Otomie, too, is a well-drawn creation, a noble, fearless and loving wife, though still more than half savage, as events prove. De Garcia, it must be said, is one of the best, most sadistic villains that Haggard ever created, and must immediately be placed in the pantheon of the author’s great lovesick wretches that includes Frank Muller in Jess (1887), Owen Davies in Beatrice (1890), Samuel Rock in Joan Haste (1895), Swart Piet in Swallow (1899), Ishmael in The Ghost Kings (1908) and Hernando Pereira in the Allan Quatermain adventure Marie (1912).
Though the vengeance that Thomas takes on de Garcia is long delayed (20 years!), it is well worth the wait, taking place against the backdrop of the Xaca volcano. And speaking of pantheons, the real-life character of Marina, the native woman who betrayed her people and aided Cortes, must be placed in the pantheon of exotic Haggardian women who dare much for love and sacrifice more, a pantheon that includes Maiwa in Maiwa’s Revenge (1888), Noie in The Ghost Kings, Mameena in Child of Storm (1913) and, of course, Ayeesha, from the author’s seminal She (1887) and its three sequels.
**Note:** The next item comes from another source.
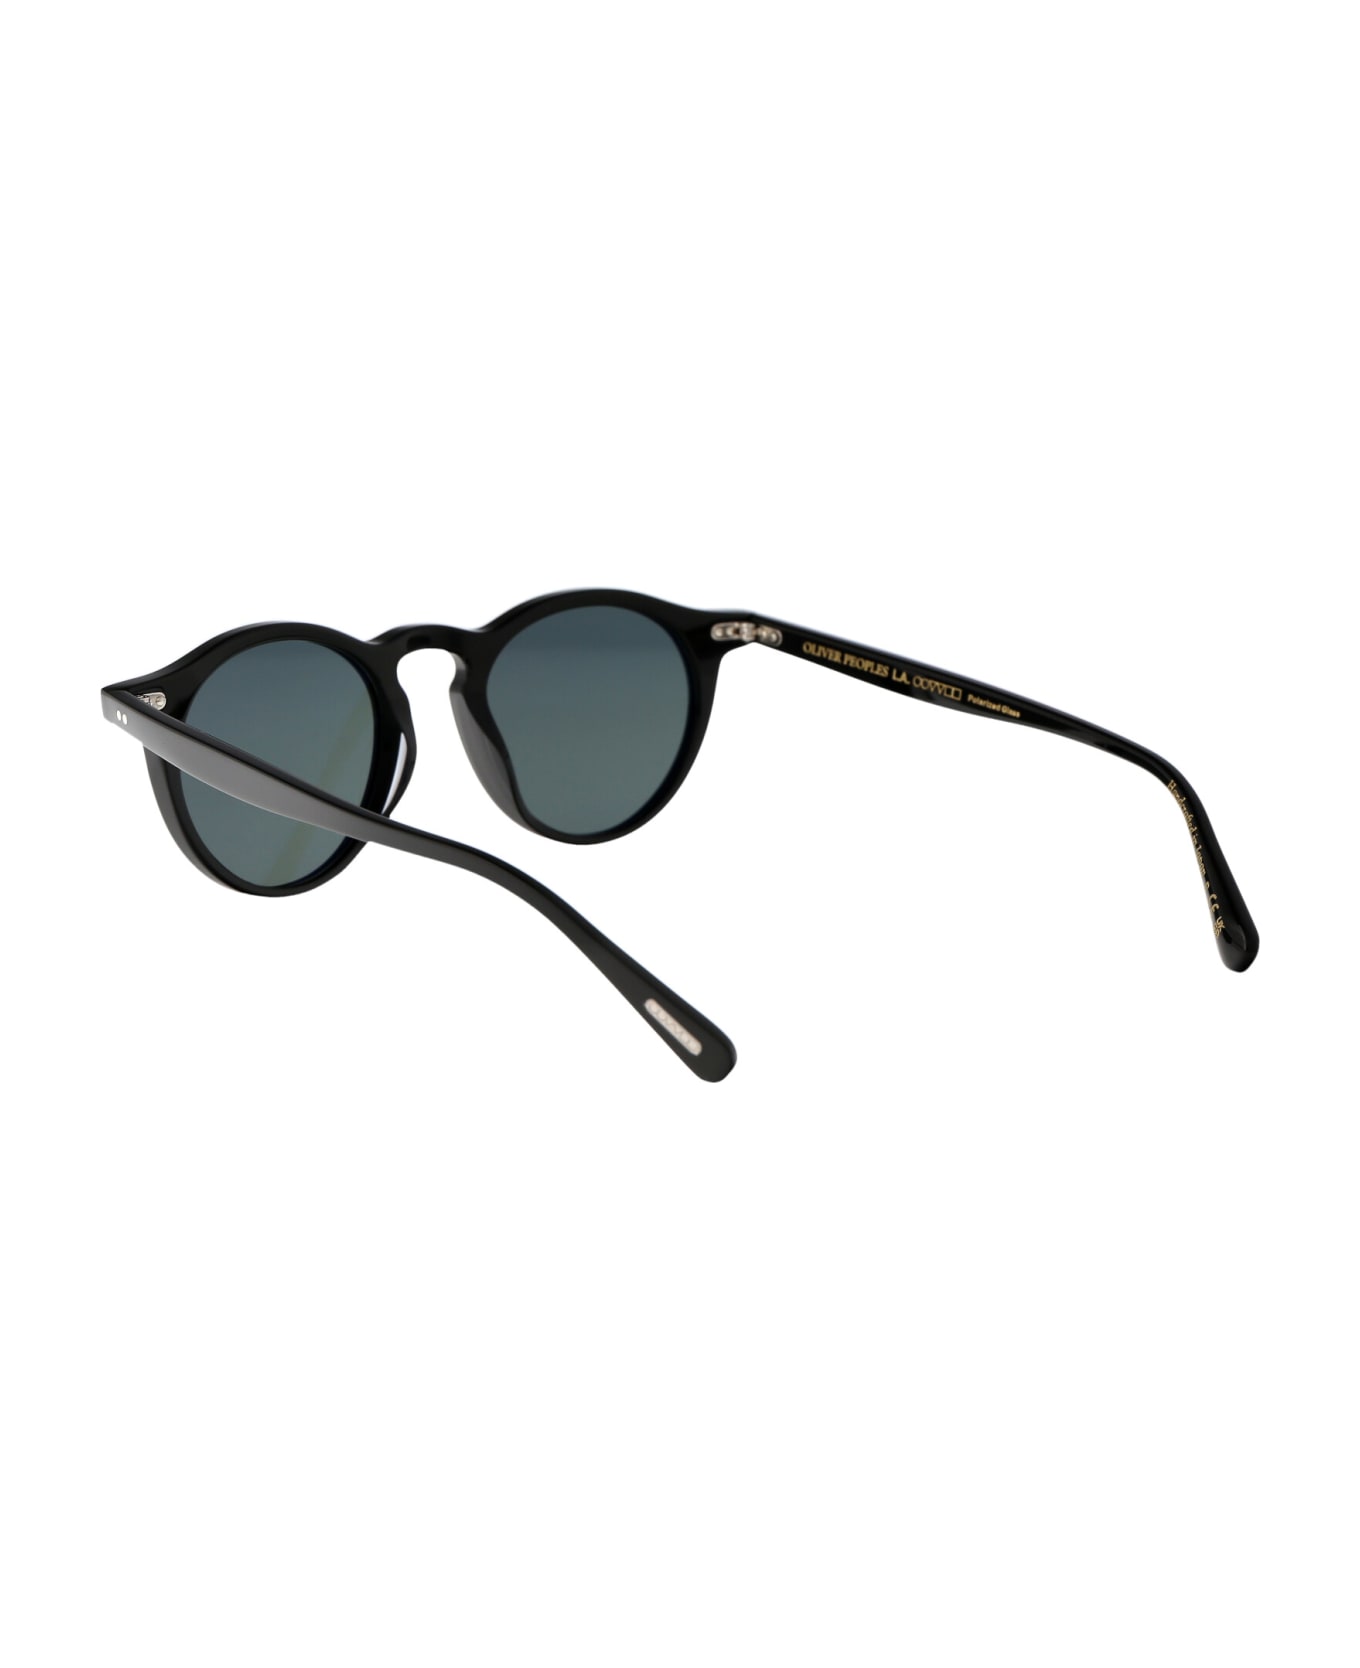 Oliver Peoples Op-13 Sun Sunglasses - 1731P2 Black

Montezuma’s Daughter, in short, is a rip-roaring, sweeping historical adventure with few if any fantasy elements. Haggard, the so-called “Father of the Lost Race Novel,” needed none of those elements here; his wonderfully described Aztec world is quite fantastic enough, and the various portents and demonic possessions that take place supposedly have a documented basis. It is a tale, as Lily puts it, “wondrous strange, more like those that happen in romances than in this plain world,” but thank goodness that we had an H. Rider Haggard to give us those wonderful romances! This book, if adapted faithfully, would cost a good $300 million to bring to the screen today, and even then probably wouldn’t be half as perfect. This is the kind of novel that one closes after many a thrill-packed night, maybe with a tear in the eye, and says, “My God, what a book!” This was the 40th novel of Haggard’s that I have read, and I’m delighted to report that it is one of his very best.